This report analyzes storm data across the U.S. It is based on the storm data data set which contains observations of “event types” and the resulting bodily and/or property damage. The goal of the report is to present the storm events that correlate with the highest number of fatalities/injuries and corresponding property/crop damage
This report contains all code used and is completely reproducible starting from the download of the available bz2 file. Although the unzipped dataset was in csv format, some cleanup needed to be done. The EVTYPE column which contained the storm event type names contained misspellings resulting in some duplicate rows. This was remedied by transforming the names to lowercase and using grep to match on common words and then choosing a common term to represent it (e.g. “tornado”). Each financial field (property damage and crop damage) had a corresponding field with an “EXP” suffix. This field contained, for example, “K”, “M”, “B”, etc. to denote thousands, millions or billions, respectively. There were also a few nonsensical values (such as, “+”, “?”). The extension was replaced with a multiplier and used to multiply the amount field. The irrelevant fields were then discarded.
##
## Attaching package: 'dplyr'
## The following objects are masked from 'package:stats':
##
## filter, lag
## The following objects are masked from 'package:base':
##
## intersect, setdiff, setequal, union
wd <- "/Users/Maria/Documents/Coursera/Data Science Specialization/Reproducible Research"

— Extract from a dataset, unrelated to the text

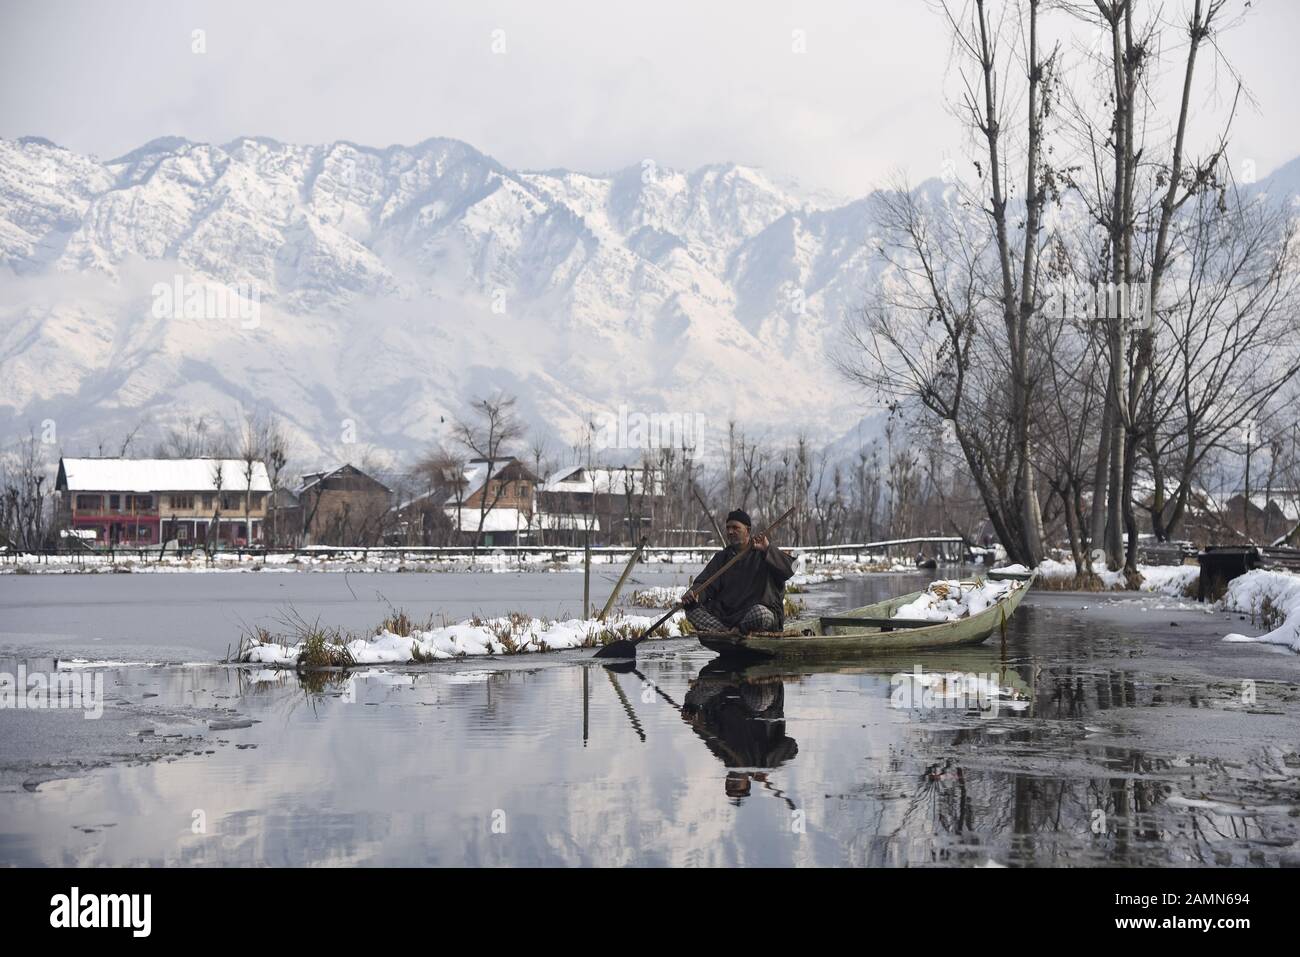 A Kashmiri boatman rows his boat on Dal Lake after fresh snowfall in Srinagar.Due to heavy snowfall in the last 48 hours, there have been multiple avalanches in which at least 4 Indian army soldiers and 5 civilians Killed in the Indian administered Kashmir. Stock Photo
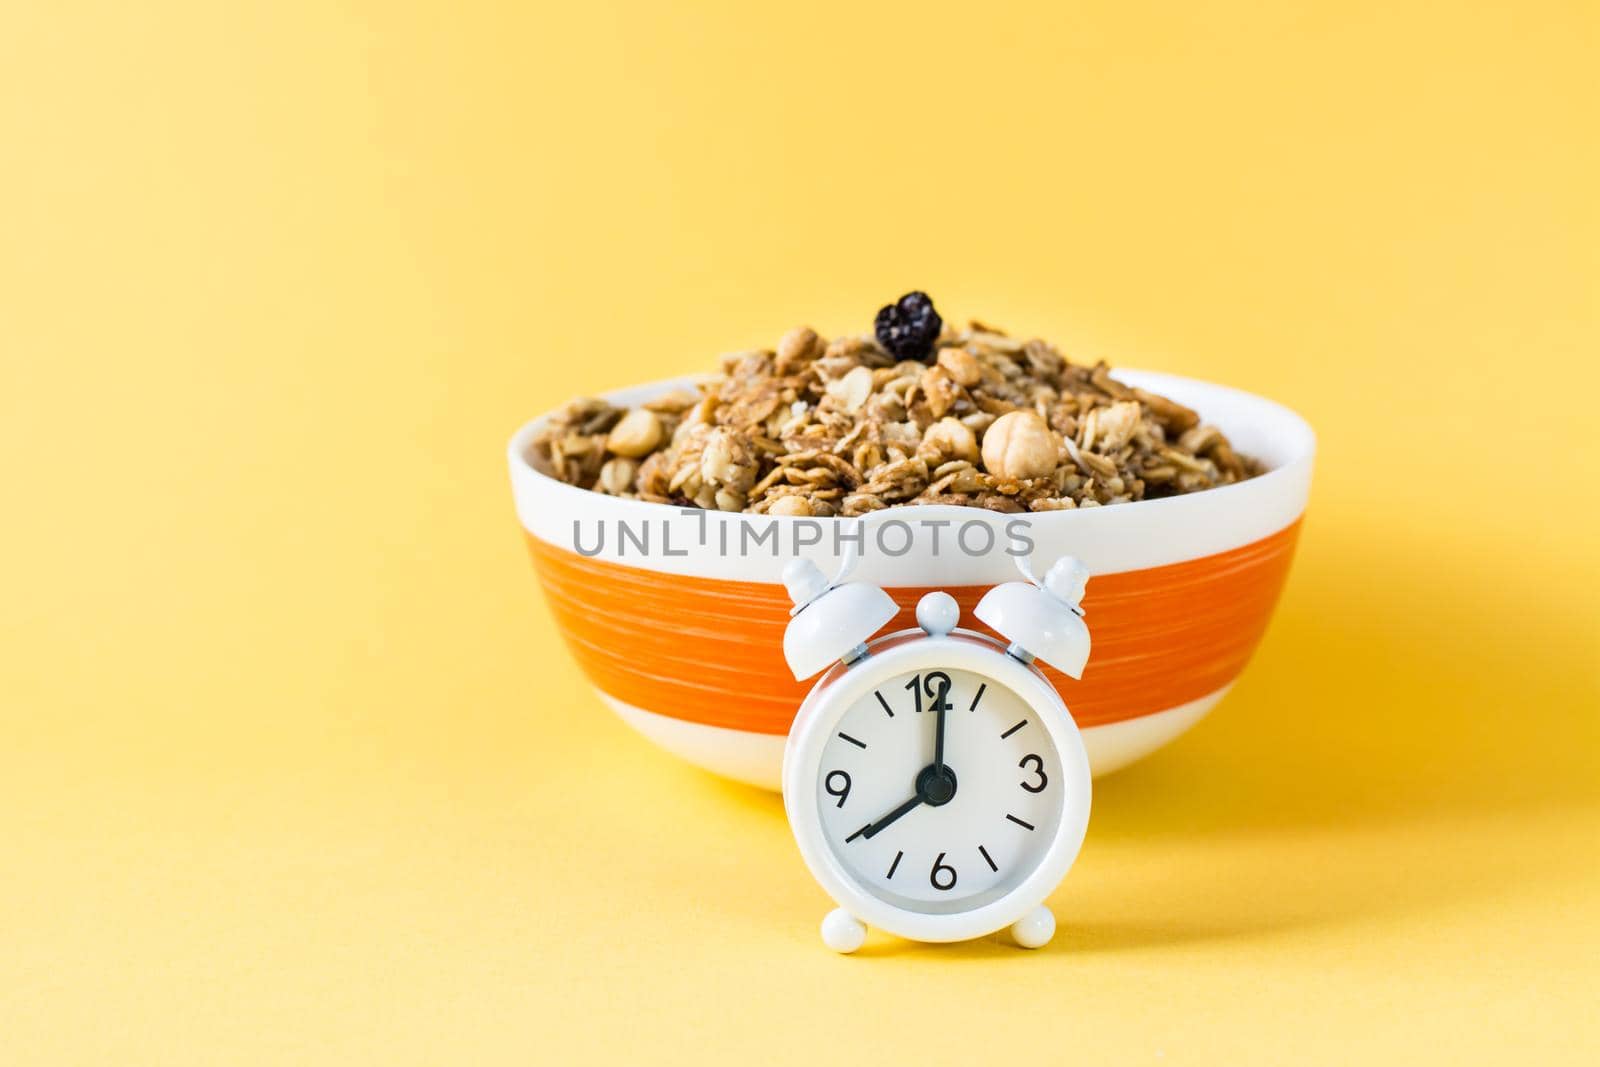 Healthy eating. Alarm clock in front of baked granola made from oats, nuts and raisins in a bowl on a yellow background by Aleruana

url <- "https://d396qusza40orc.cloudfront.net/repdata%2Fdata%2FStormData.csv.bz2"
dfile <- "stormdata.bz2"
setwd(wd)
download.file(url, dfile)
unzipped <- bzfile(dfile, "r")
sdata <- read.csv(unzipped)
The fatalities and injuries are reported on first. The top 20 are presented in the following tables/graphs. For completeness, I included the top storm events with regards to fatalities, injuries and combined. I used log(base 10) since tornado fatalities/injuries were so high so as to squash the remaining results.
#Get rid of the "EXP" columns and split the data into sub data frames, arrange, mutate, etc.
sdata <- select(sdata, -ends_with("EXP"))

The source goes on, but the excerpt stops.